1
$\begingroup$

In my lecture notes there is the following exercise:

"Characterize those measure spaces $(X, B, \mu)$ on which the semi-norm $\|f\| = \int_X |f| d \mu$ defined on $L^1(X) = \{ f \mid f \text{ measurable and} \int_X |f| d \mu < \infty \}$ of Lebesgue-integrable functions is a norm."

I thought that if I take $X$ to be finite and $\mu$ to be the counting measure then $\|\cdot\|_1$ is a norm. But I think the exercise asks me to use the Lebesgue measure so $\mu(X) = 0$ if $X$ is finite and my example breaks.

What's the correct answer?

  • 0
    @DavideGiraudo The integral over the whole space, that was a typo.2012-07-08

2 Answers 2

1

Assume that $\lVert \cdot \rVert$ is a norm. If $N$ is a measurable set of measure $0$, then $\int_X\chi_Nd\mu=0$ hence $\chi_N$ is identically $0$ and $N$ is the emptyset. So each non-empty measurable set set has a positive measure.
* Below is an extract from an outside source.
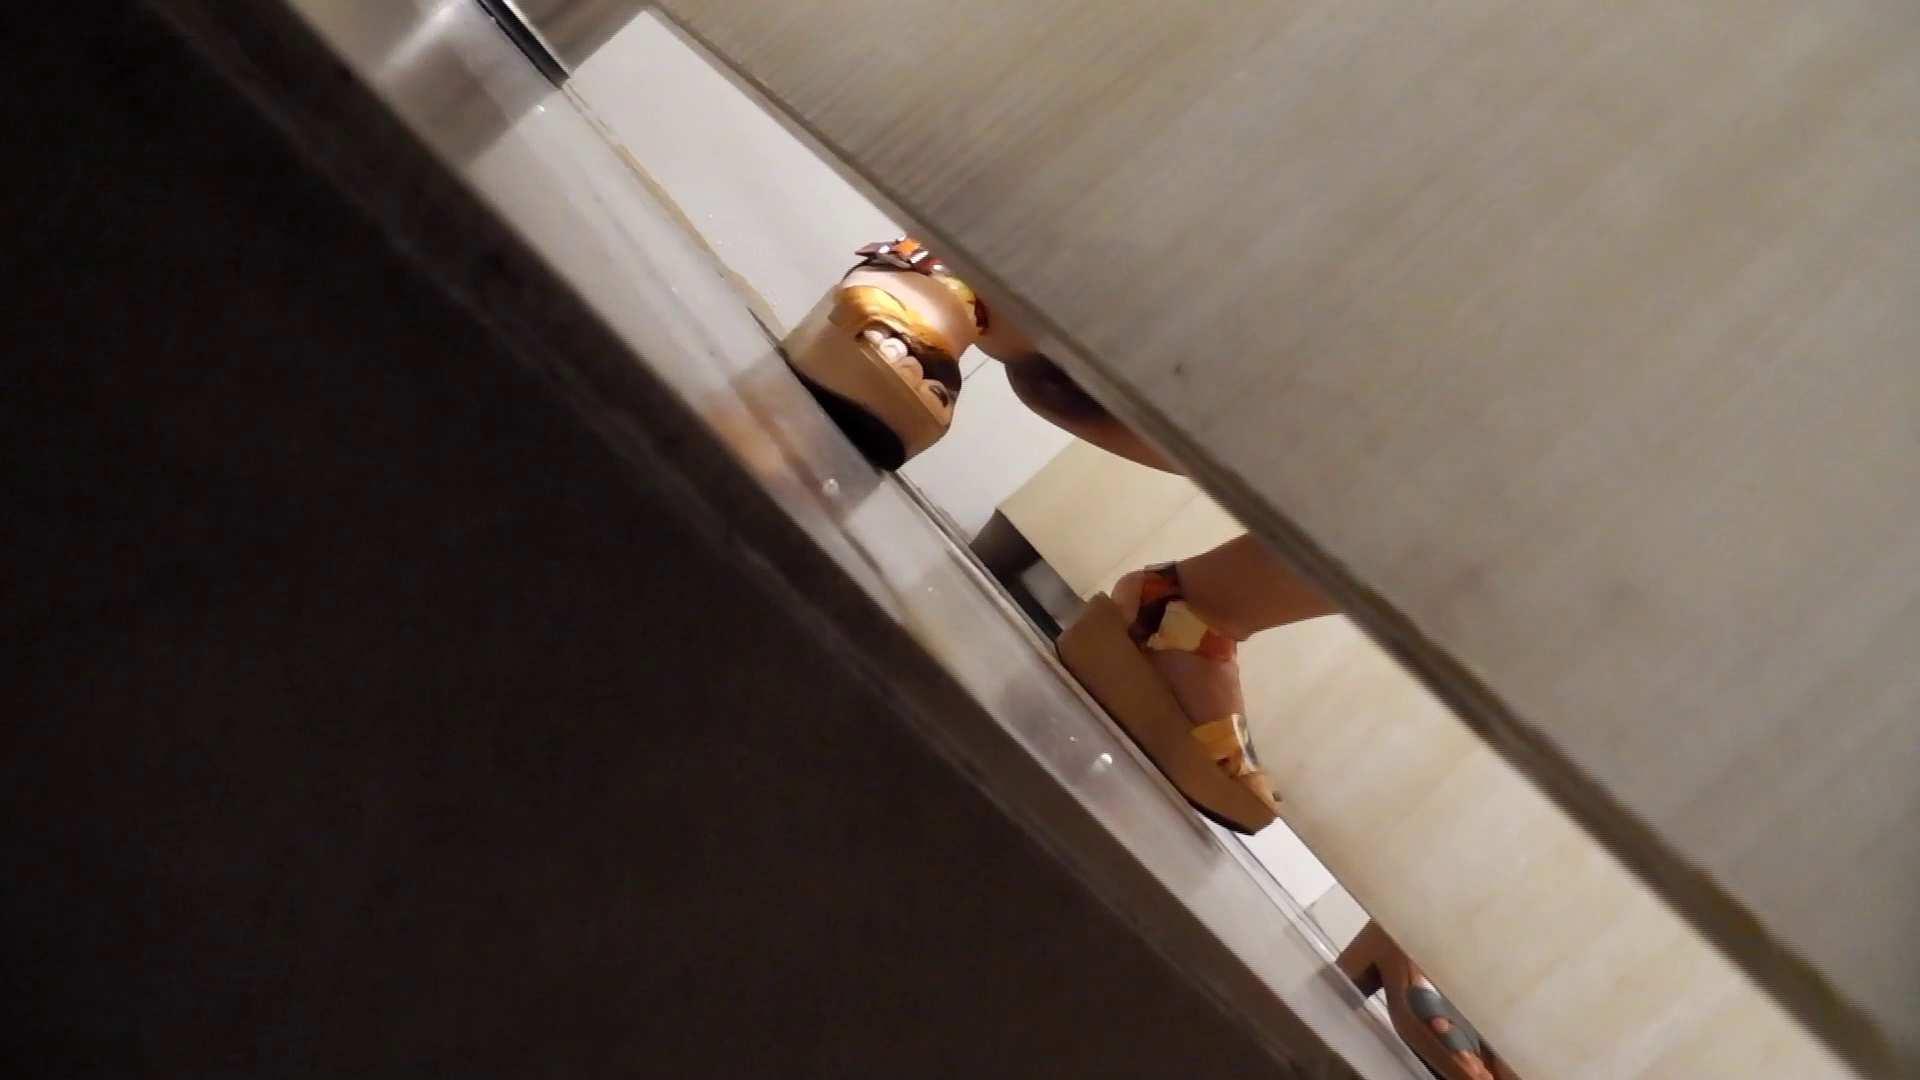 和式洋式七変化 Vol.31 洋式だけど丸見えですっ!! 丸見えマンコ | 高画質  96画像 54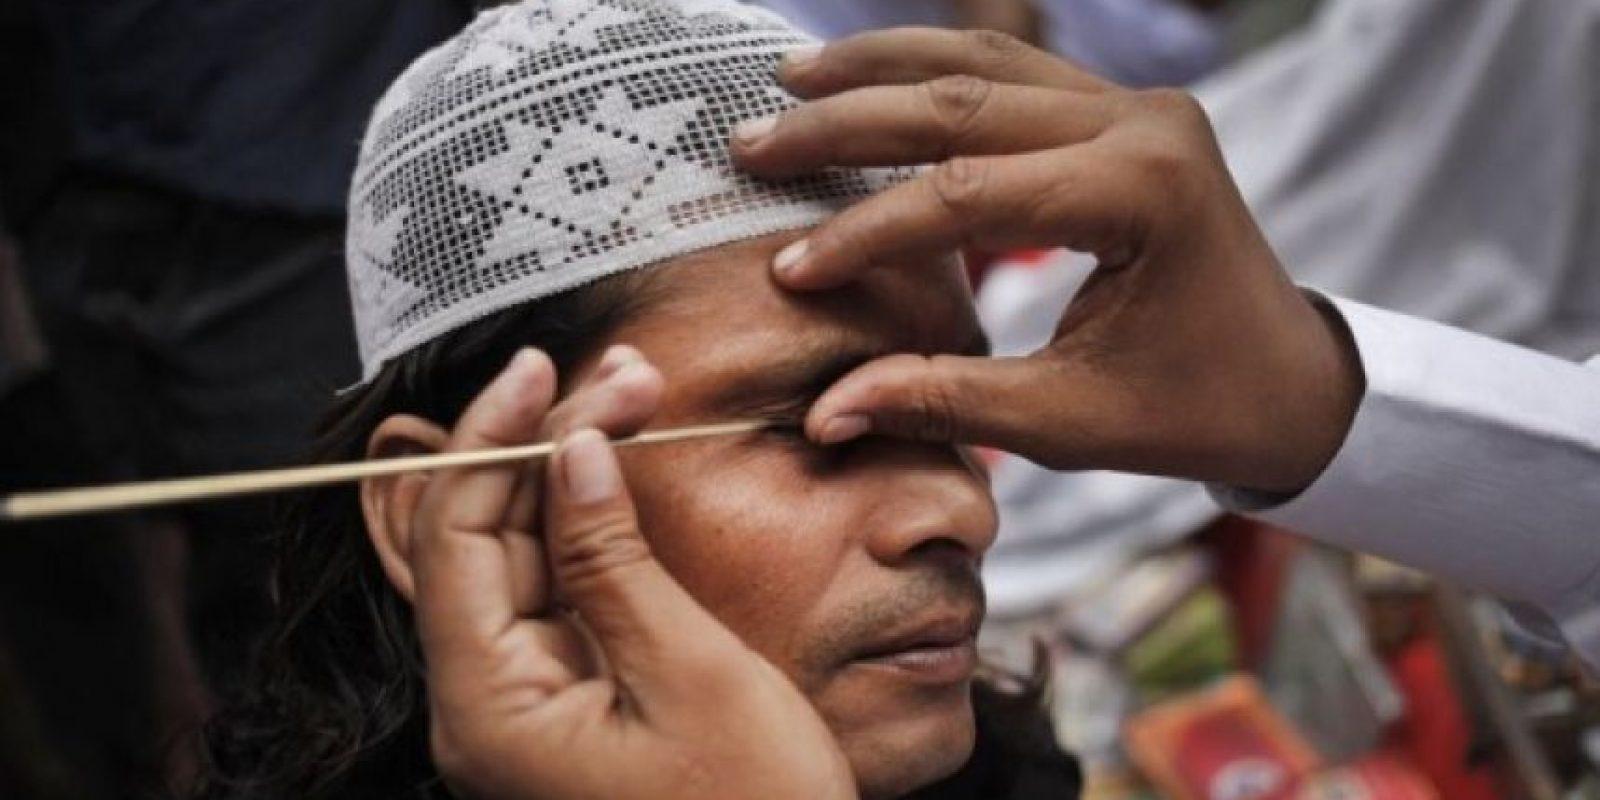 Kodai Harijan, principal sospechoso, confesó que cortó la garganta del hijo de su amigo Shiv Sharan Kohar, con la intención de ahuyentar a los malos espíritus de su propio hijo de 18 años de edad, el cual se encontraba enfermo. Harijan sostuvo que lo hizo después de buscar ayuda de un chamán del pueblo. Foto:Getty Images

Conversely, if each non-empty measurable set has a positive measure, let $f$ a function such that $\lVert f\rVert=0$. Then $0=\lVert f\rVert\geq\int_{\{f\geq 2^{-n}\}}|f|d\mu\geq 2^{—n}\mu(\{|f|\geq 2^{-n}\})$ hence $\mu(\{|f|\geq 2^{-n}\})=0$ and $\mu(\{|f|>0\})=0$. By hypothesis, it implies that $\{|f|>0\}$ is empty, hence $f=0$.


In general, to define a norm by this way, we rather consider the equivalence classes of functions. Otherwise, we may have some problems. For example, if $\mathcal B$ is the smallest $\sigma$-algebra containing all the open sets of a Hausdorff topology, each singleton is measurable and should have a positive measure. So $X$ can only be at most countable.

0

Here is a large source of them. Suppose $\Omega$ is a set that is partitioned by subsets $\{E_n\}_{n=1}^\infty$
Suppose that $\mu$ is a measure on the $\sigma$ algebra $\mathcal{S}$ generated by the $E_k$ and that $\infty > \mu(E_k) > 0$, $1\le k \le n$. Then $f\mapsto \int_{\Omega} |f|\,d\mu$ is a norm on $L^1(\Omega, \mathcal{S}, \mu)$.

Some variation on this is probably your complete answer. Note that any $\mu$-null set that is nonvoid does you in on the spot.